Pulmonary Mucormycosis Mimicking Pneumonia in a Diabetic Patient
Introduction
Pulmonary mucormycosis is a relatively rare, life-threatening, opportunistic infection that
typically affects immunocompromised patients. Approximately 32% of cases of mucormycosis have comorbid diabetes. Symptoms often mimic pneumonia. When left untreated this infection carries a high mortality rate (76%) due to its rapid progression.
Here we present a case of pulmonary mucormycosis in a diabetic patient who was misdiagnosed with pneumonia. Management is discussed.
Case:
A 53-year-old female patient presented with progressive dyspnea, hemoptysis, weight loss, and fever for about a month. Her symptoms began while on vacation to Guyana where she was prescribed antibiotics for pneumonia. She was a non-smoker and had a past medical history of diabetes.
On current admission, patient complained of chills. She had rales on chest auscultation.
Laboratory investigations was significant for mild leukocytosis (12.8 K/uL) and hyperglycemia (374 mg/dL).
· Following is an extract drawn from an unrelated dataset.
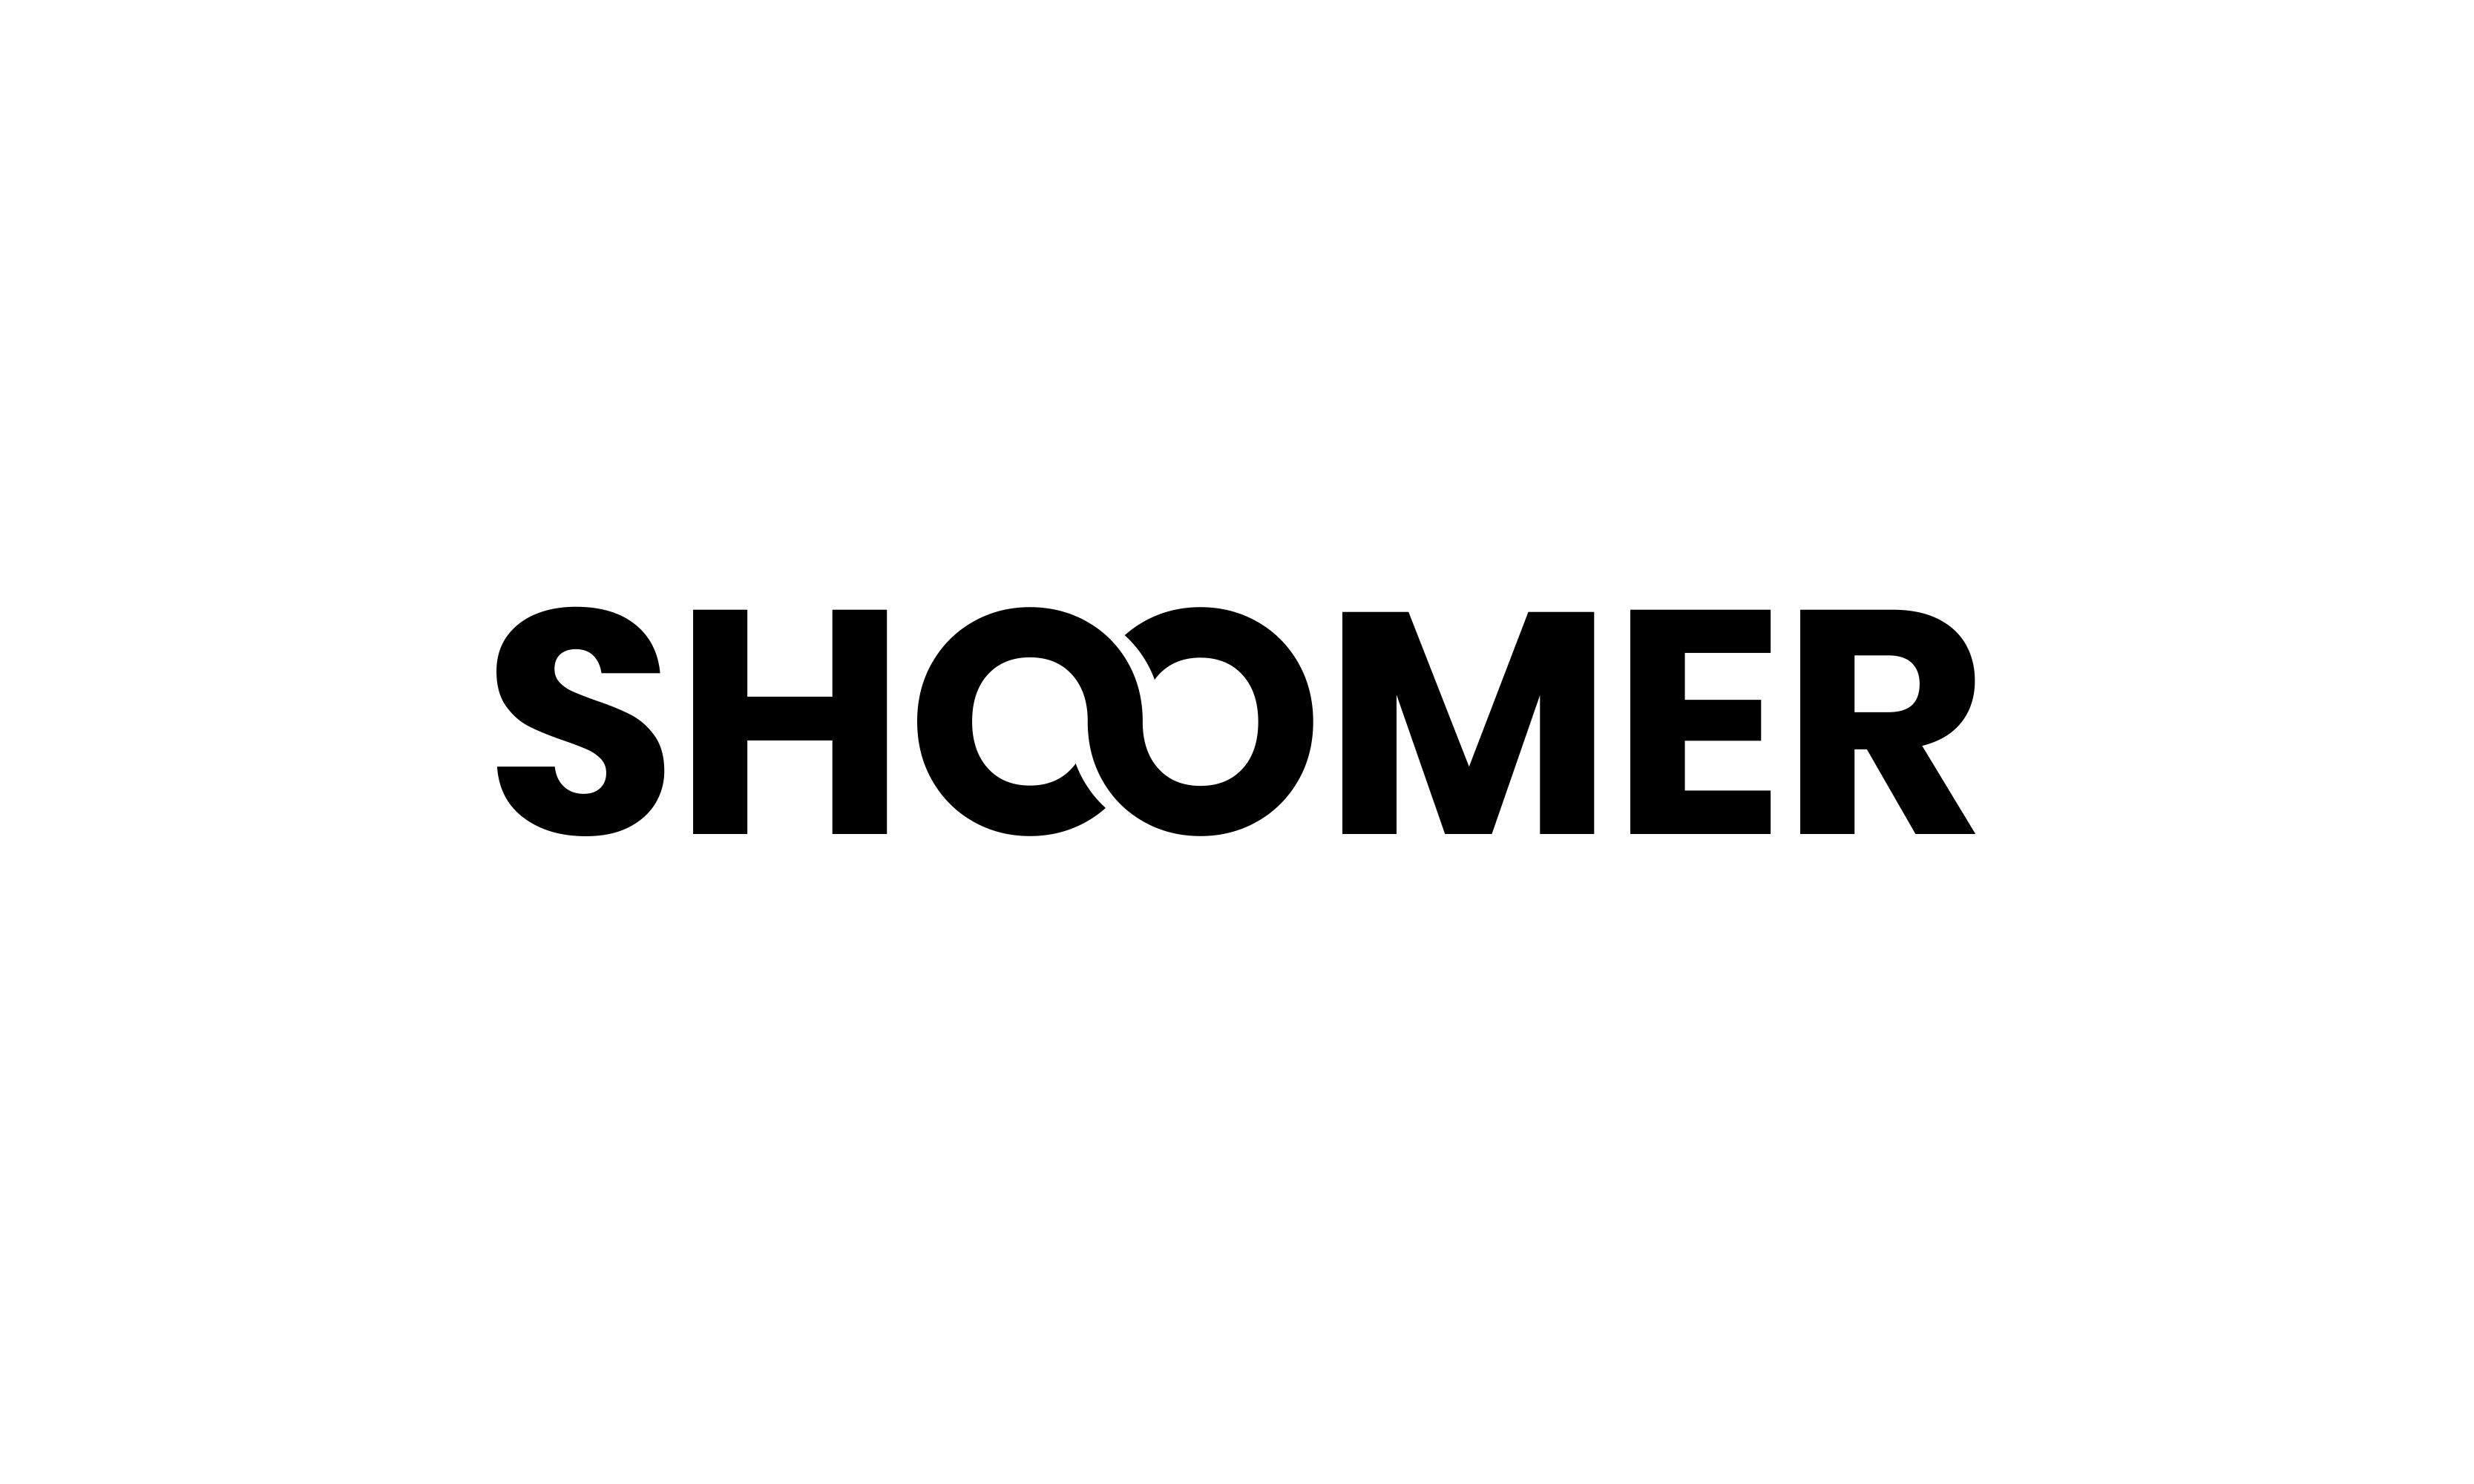 Shoomer - E-commerce company name for sale

Chest X-ray revealed right perihilar masslike lesions. CT of the chest showed a peculiar pattern of diffuse peribronchovascular lesions of varying sizes and a solid ring with central ground glass opacities (reversed halo sign) and cavitation. The patient was started on a broad spectrum antifungal agent for fungal pneumonia. Sputum examination did not reveal acid fast bacilli. Bronchoscopy with transbronchial biopsy was performed, which confirmed the presence of mucormycosis. The patients’ treatment was adjusted with posaconazole and she tolerated the treatment with gradual improvement.
Discussion:
Mucormycosis is caused by infectious fungi of the order Mucorales, most commonly the Mucor, Rhizopus, and Litchthemia species.
The diagnosis of pulmonary mucormycosis is difficult since the presentation is similar to
pneumonia. Radiographic findings may demonstrate focal consolidation, masses, pleural
effusions, or multiple nodules. A reversed halo sign ̶ ground glass attenuation surrounded by dense, concentric ring ̶ seen on high resolution CT, is characteristic of angio-invasive fungi. Amphotericin B and a few azole agents were the mainstay anti-fungal therapy, but newer potent triazoles, like posaconazole, are now recommended.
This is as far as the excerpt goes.